Re: arm64: Support overflow stack panic

[Date Prev][Date Next][Thread Prev][Thread Next][Date Index][Thread Index]

 



Hi Kazu

Here are the latest patches for supporting to run bt command against a core dump with kernel stack overflow exception for arm64.

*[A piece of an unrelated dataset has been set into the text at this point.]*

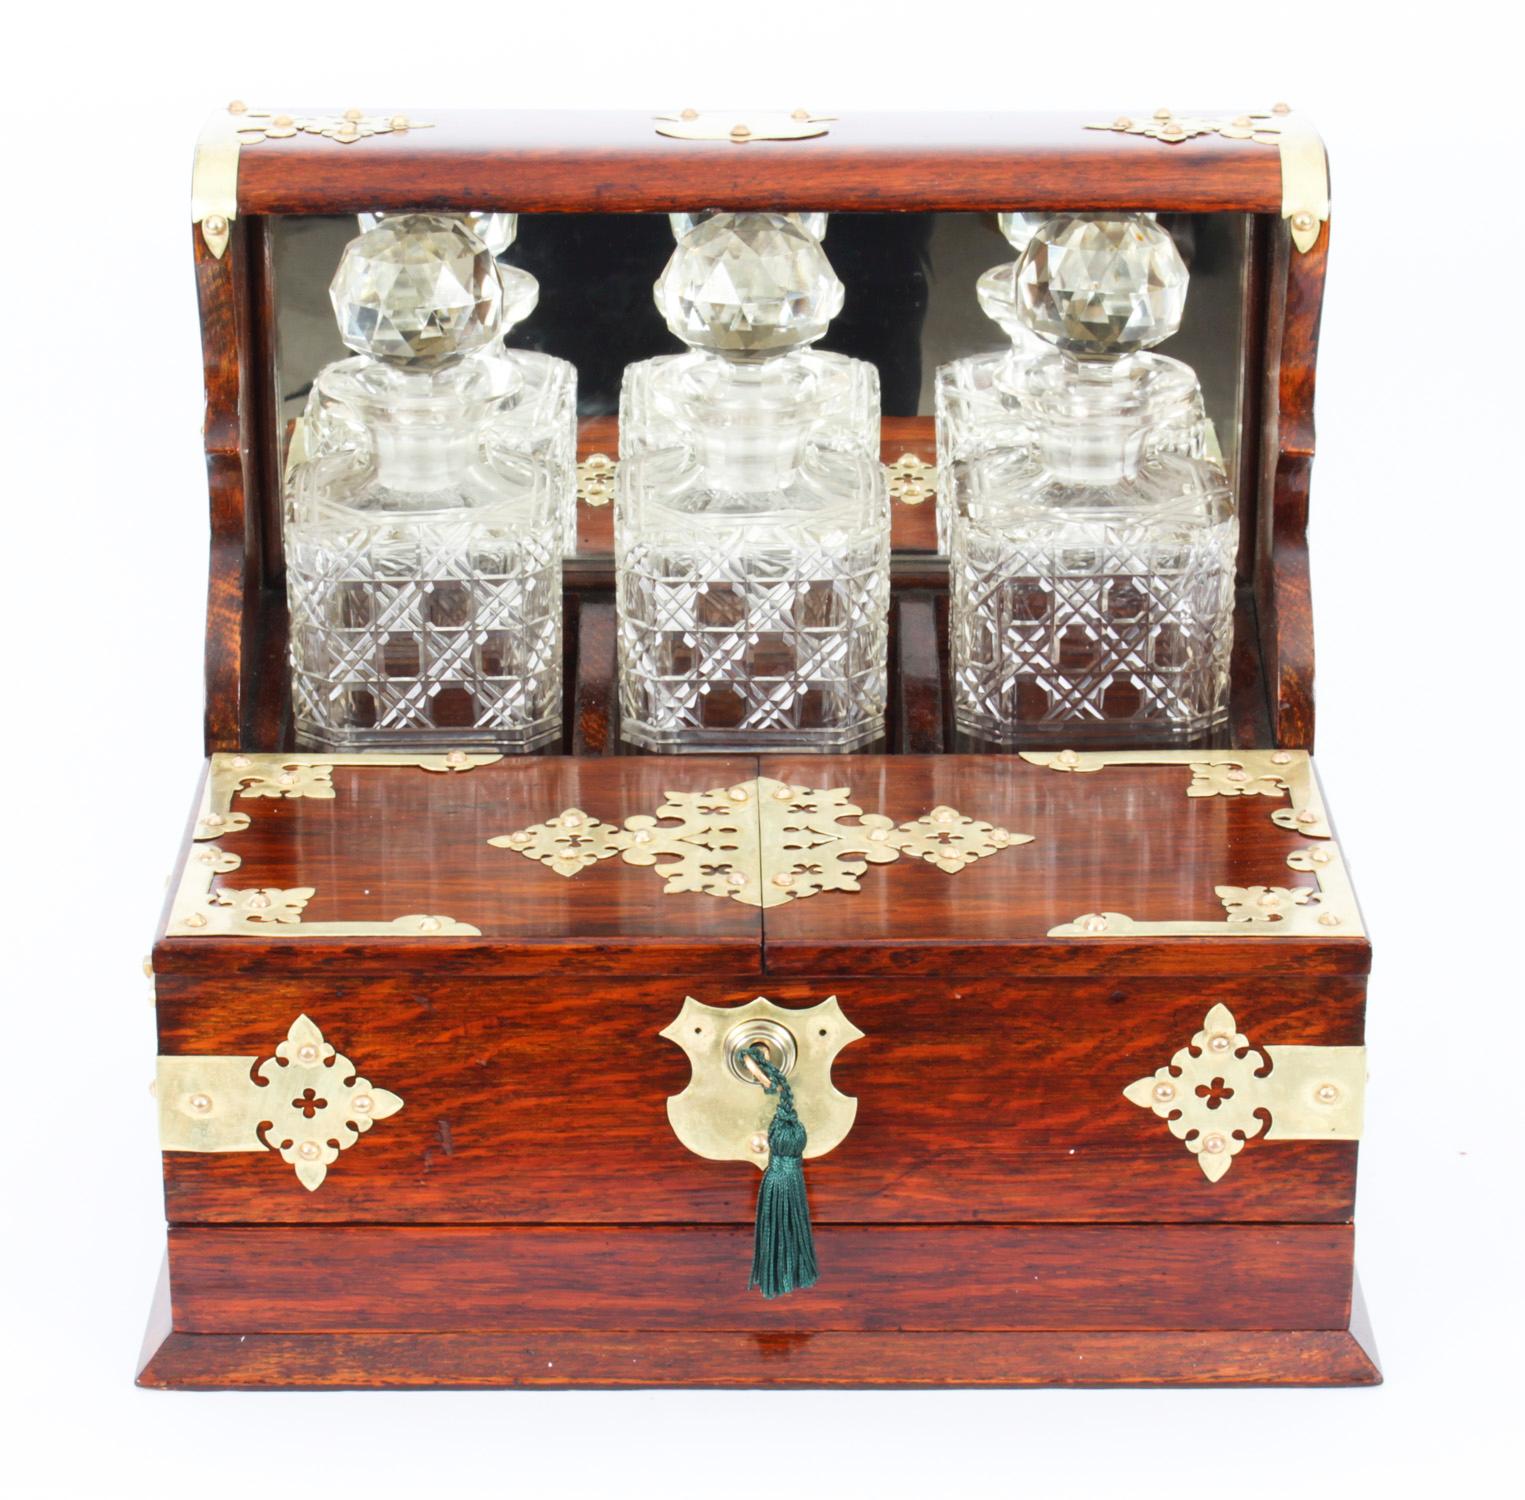 This is a superb antique Victorian oak cased three decanter tantalus with decorative silver plated cut brass gothic revival mounts and carry handles to the sides, circa 1880 in date.

This magnificent tantalus features three wonderful hobnail cut

Please help to review and advise if any further change needed.

Tested bt command with options:

bt
bt -a
bt -c 3

By the way, 'mach' command also updated to show overflow stacks info as same as IRQ stacks.

Thanks
Hong

From: HAGIO KAZUHITO(?尾 一仁) <k-hagio-ab@xxxxxxx>
Sent: Wednesday, November 17, 2021 15:23
To: Hong Yang3 杨红 <hong.yang3@xxxxxxx>
Cc: Discussion list for crash utility usage, maintenance and development <crash-utility@xxxxxxxxxx>
Subject: RE: arm64: Support overflow stack panic
 
注意:此封邮件来自于公司外部,请注意信息安全!
Attention: This email comes from outside of the company, please pay attention to the information security!

Hi Hong,

Thank you for the patch and sending it to this list.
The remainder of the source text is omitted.